Simplifying it and applying the periodic properties of trigonometric functions: $\cos(A) = -\cos(\pi - A), \cos(\pi +A) = -\cos(A)$ gives

$6 + 10 \bigg [\cos(x) - \cos(2x) + \cos(3x) \bigg] \\= 6 + 10 \bigg [ \cos (x) + \cos(3x) + \cos(5x) \bigg ]$

The value of the expression inside the bracket is simply $\frac 1 2$ which could be easily verified . Hence the answer is simply $6 + 10 \left ( \frac 12 \right ) = \boxed{11}$

R.H.S. = 2 S (4) C (2) + S (4) = S (4) [ 2 C (2) + 1]

16 C (2) + 8 C (4) + x = 4 S2 (4) [4 C2 (2) + 4 C (2) + 1]

16 C (2) + 8 C (4) + x = 4 S2 (4) 4 C2 (2) + 4 S2 (4) 4 C (2) + 4 S2 (4)

16 C (2) + 8 C (4) + x = 4 [1 - C (8)] [1 + C (4)] + 4 S2 (4) + 16 S2 (4) C (2)

16 C (2) + 8 C (4) + x = 4 + 4 C (4) - 4 C (8) - 4 C (8) C (4) + 4 S2 (4) + 16 [1 - C2 (4)] C (2)

x = 4 - 4 C (4) - 4 C (8) - 4 C (8) C (4) + 2 [1 - C (8)] - 8 [1 + C (8)] C (2)

x = 4 - 4 C (4) - 4 C (8) - 4 C (8) C (4) + 2 - 2 C (8) - 8 C (2) - 8 C (8) C (2)

x = 6 - 4 C (4) - 6 C (8) - 4 C (8) C (4) - 8 C (2) - 8 C (8) C (2)

x = 6 - 4 c (2) - 6 c (4) - 4 c (4) c (2) - 8 c (1) - 8 c (4) c (1) with domain 1 for 4 Pi/ 7 here.

x = 6 - 4 c (2) - 6 c (4) - 2 [c (6) + c (2)] - 8 c (1) - 4 [c (5) + c (3)]

x = 6 - 4 c (2) - 6 c (4) - 2 c (6) - 2 c (2) - 8 c (1) - 4 c (5) - 4 c (3)

x = 6 - 6 c (2) - 6 c (4) - 2 c (6) - 8 c (1) - 4 c (5) - 4 c (3)

x = 6 - 8 c (1) - 6 c (2) - 4 c (3) - 6 c (4) - 4 c (5) - 2 c (6)
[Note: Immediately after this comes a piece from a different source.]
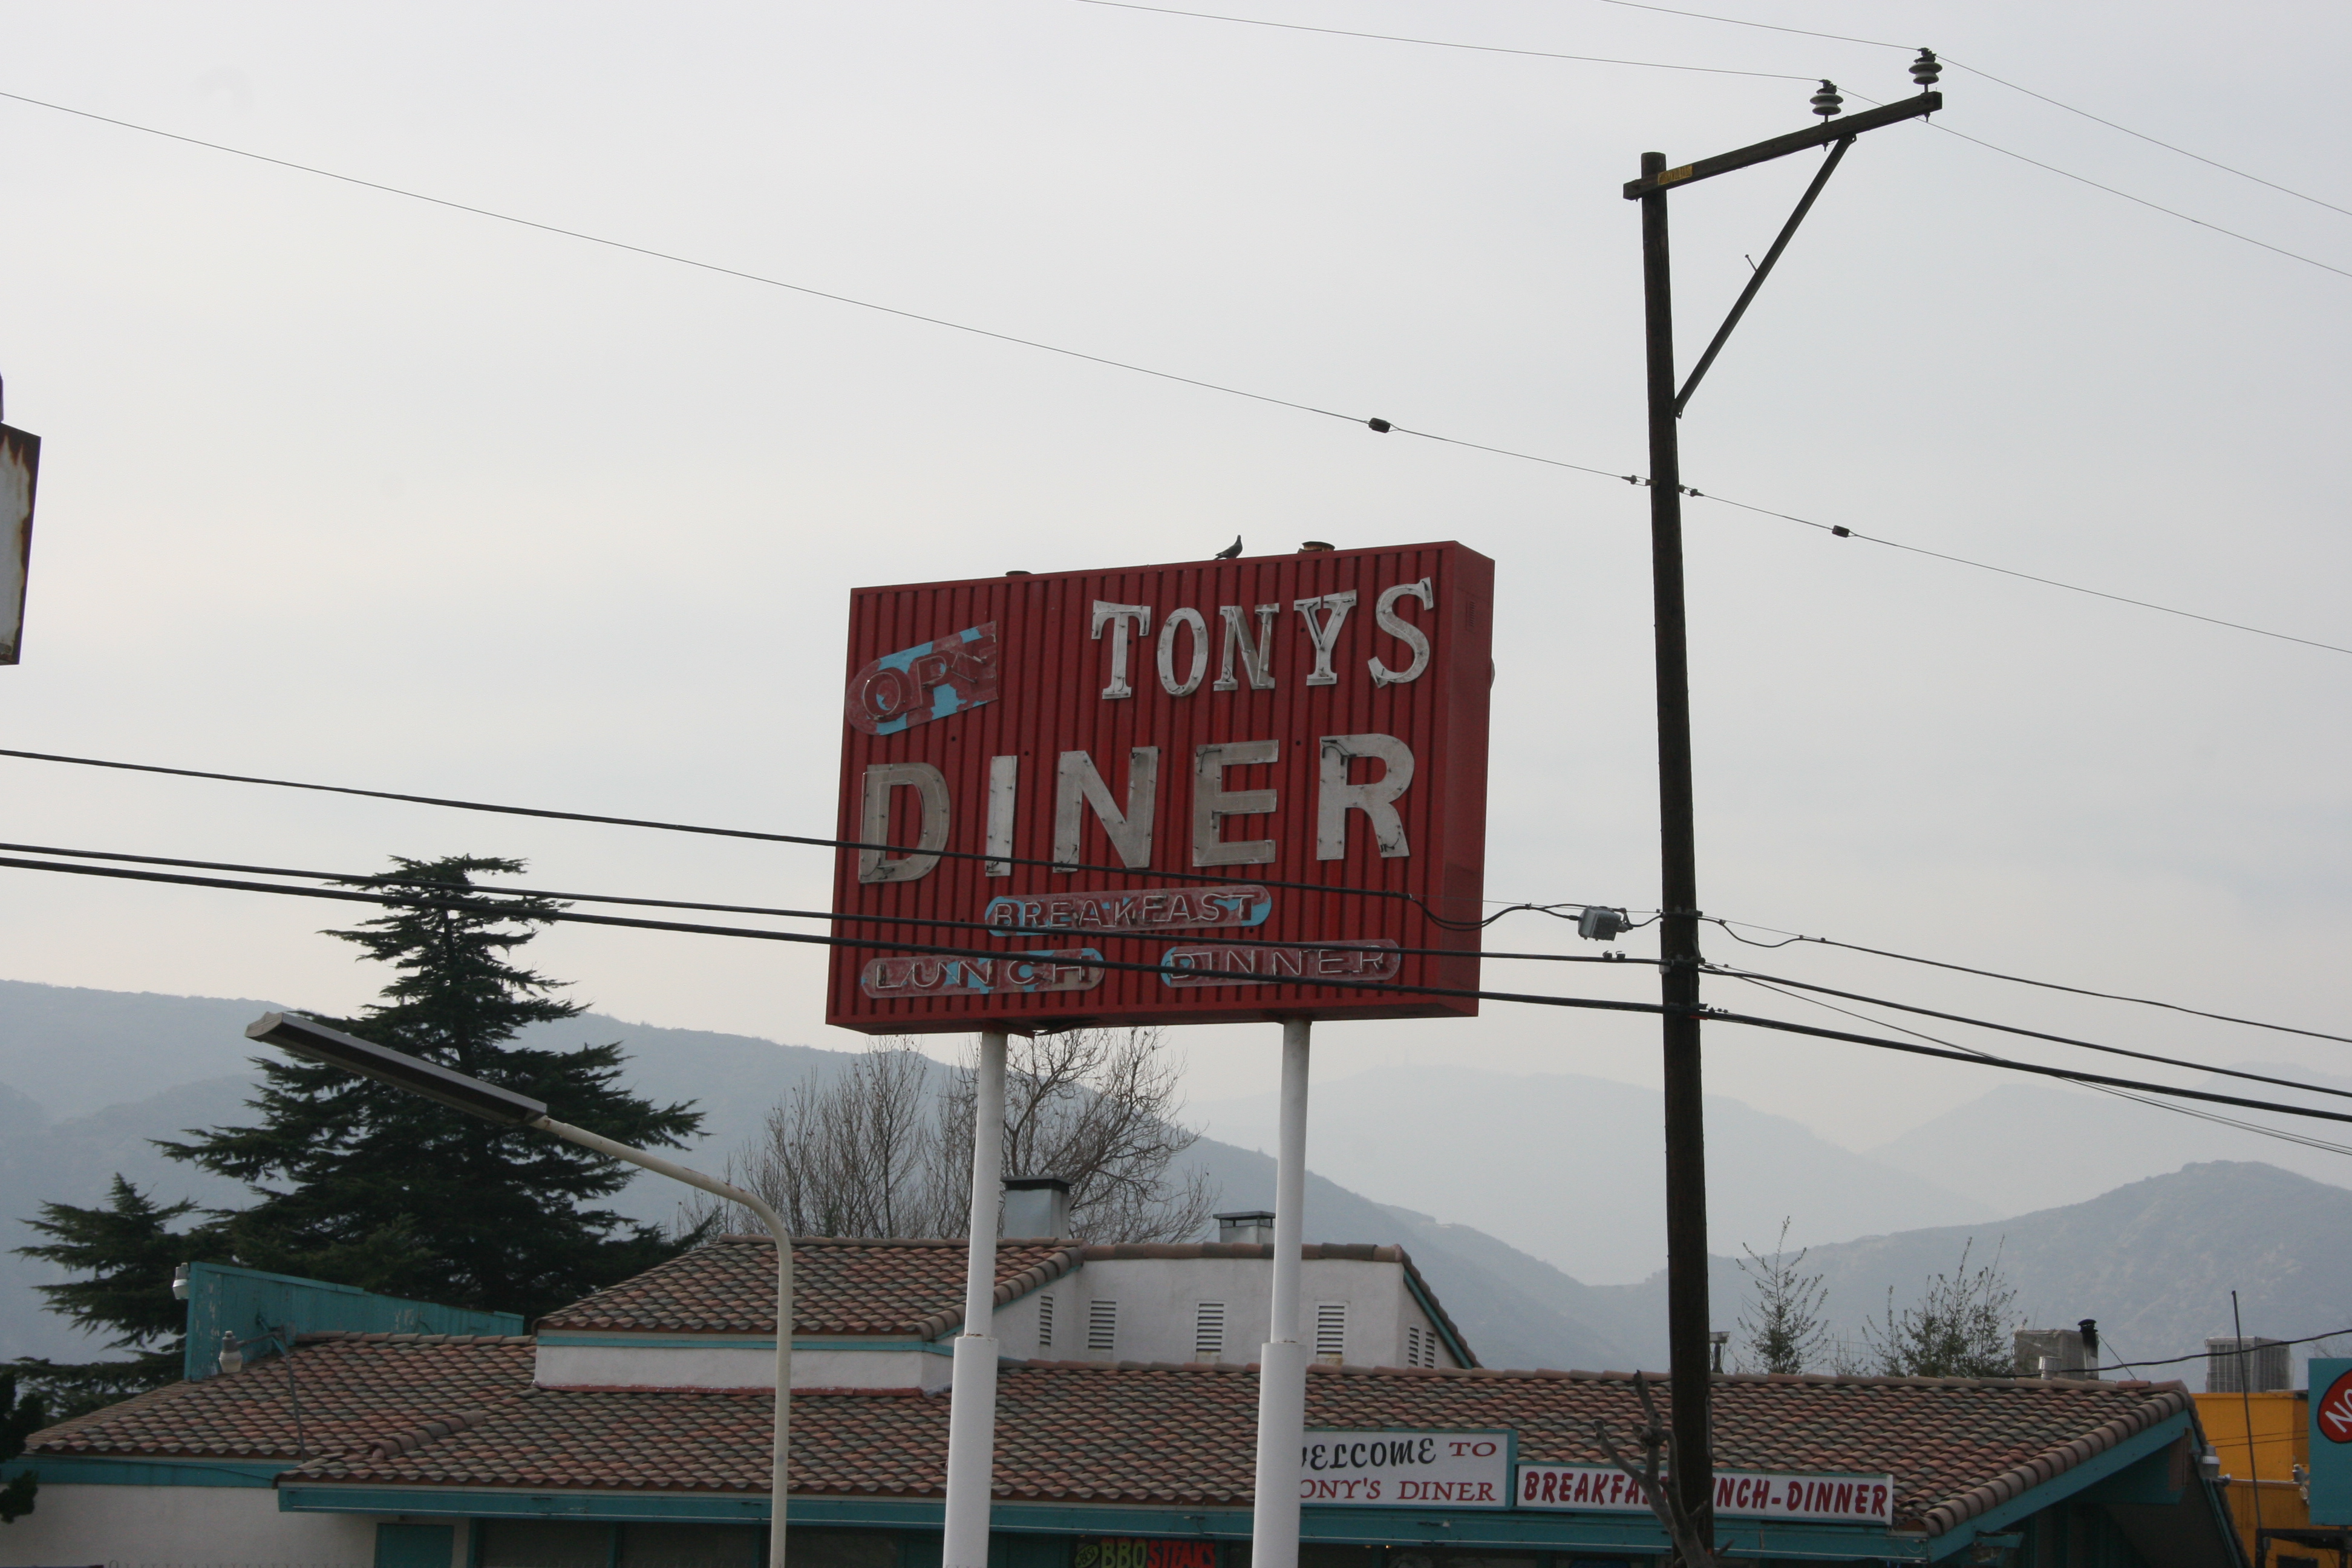 Tony's Diner

Since c (1) = c (6), c (2) = c (5) and c (3) = c (4) with 1 for 4 Pi/ 7,

x = 6 - 10 c (1) - 10 c (2) - 10 c (3)

x = 6 - 10 [c (1) + c (2) + c (3)]

x = 6 - 10 [-1/ 2]

x = 6 + 5 = 11

I am sorry that this was a result of using calculator.

Cos (4 Pi/ 7) + Cos (8 Pi/ 7) + Cos (12 Pi/ 7) = -0.5 is a special thing which needed to be known.